The roving camera filming the outside realms of Tehran, picturing life and light doses of chaos, disavow the ordered simplicity of life in the car (the most poignant comparison might by Rossellini’s Voyage to Italy, which relies heavily on similar stylistic contrast to elucidate different imaginative realms both within the car and between the car and the outside world). Even still, Kiarostami’s style is all his own, relying less on the pointed instability of a shaken camera than the quiet hum of a more open framing, where the fragmented frames of the characters in the car buckle under the sweeping vision of more universal, society-encompassing shots of the outside world. Kiarostami, for one, is less invested in the outsider realm of people – De Sica’s world – than the interaction of people and space (more like Tati, although comparing Kiarostami to Tati too seems woefully arbitrary considering the opposite status of their visions of people and space). Kiarostami’s camera hones in on the dust of Tehran and discovers something extraterrestrial about it. Call it something the characters miss in their more insular interests, perhaps avoiding or destroying the world in the process.
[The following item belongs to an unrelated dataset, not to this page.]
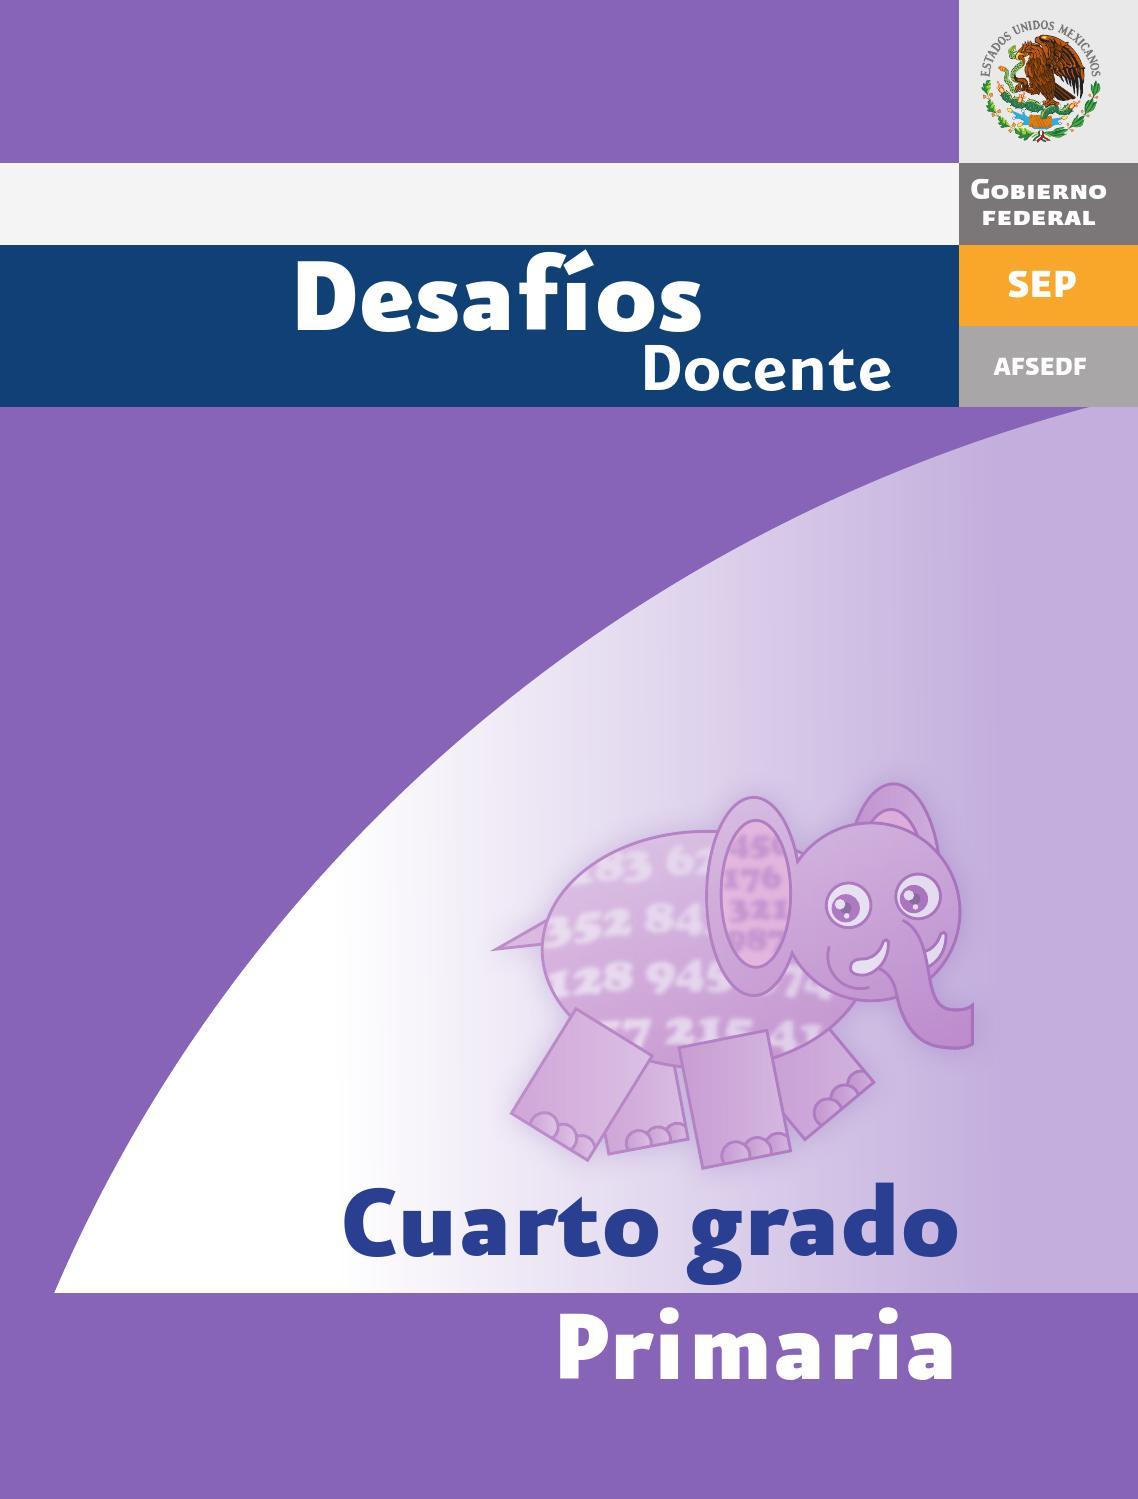 Desafios matematicos docente 4º cuarto grado primaria by GINES CIUDAD REAL  - issuu 8600be55d0373

Still, there’s undeniable empathy in Kiarostami’s vision (so Antonioni isn’t the right mark either) of humans connecting with one another, however temporarily, through the simple desire to learn a little more about another person, a position that Kiarostami tacitly invokes for us when we are essentially positioned in the alternating perspectives of Badii and his passengers in the car. Our perceptions, our fallible glimpses of the other person in the car, become intertwined with the characters’ quest for meaning and connection. We learn as the characters learn. Kiarostami’s vision of life, in this way, is perceptual and durational rather than double-slaughtered and obvious; his conception of existence is temporal and liquid rather than static and predestined. People are in the process of making themselves through their interactions, rather than having been molded out of clay prior to the beginning of the film. Do not mistake this for an easy arc, however – Kiarostami’s film rejects the notion that prepackaged arcs can be appended to life. Instead, he recalibrates the notion of change and rising-falling action so that one’s self never occupies any one state at any one time. Volatility is siphoned from placidity.
Even the finale, an emancipatory vision of life beyond the narrative frame of the film, subverts and reorients expectations. A simple aesthetic shift, devastatingly inspiring in light of the aesthetic simplicity of the film preceding it, is all we need to remind us of the power of cinema as a mediator for life itself. Many have called the ending “detached” or “distancing” in the way it severs the reality of the film narrative from us by showing Kiarostami mid-filming. The conclusion’s real identity is a cosmic suggestion that the cinema encircles us all, a rapturous reminder that life is given meaning by art.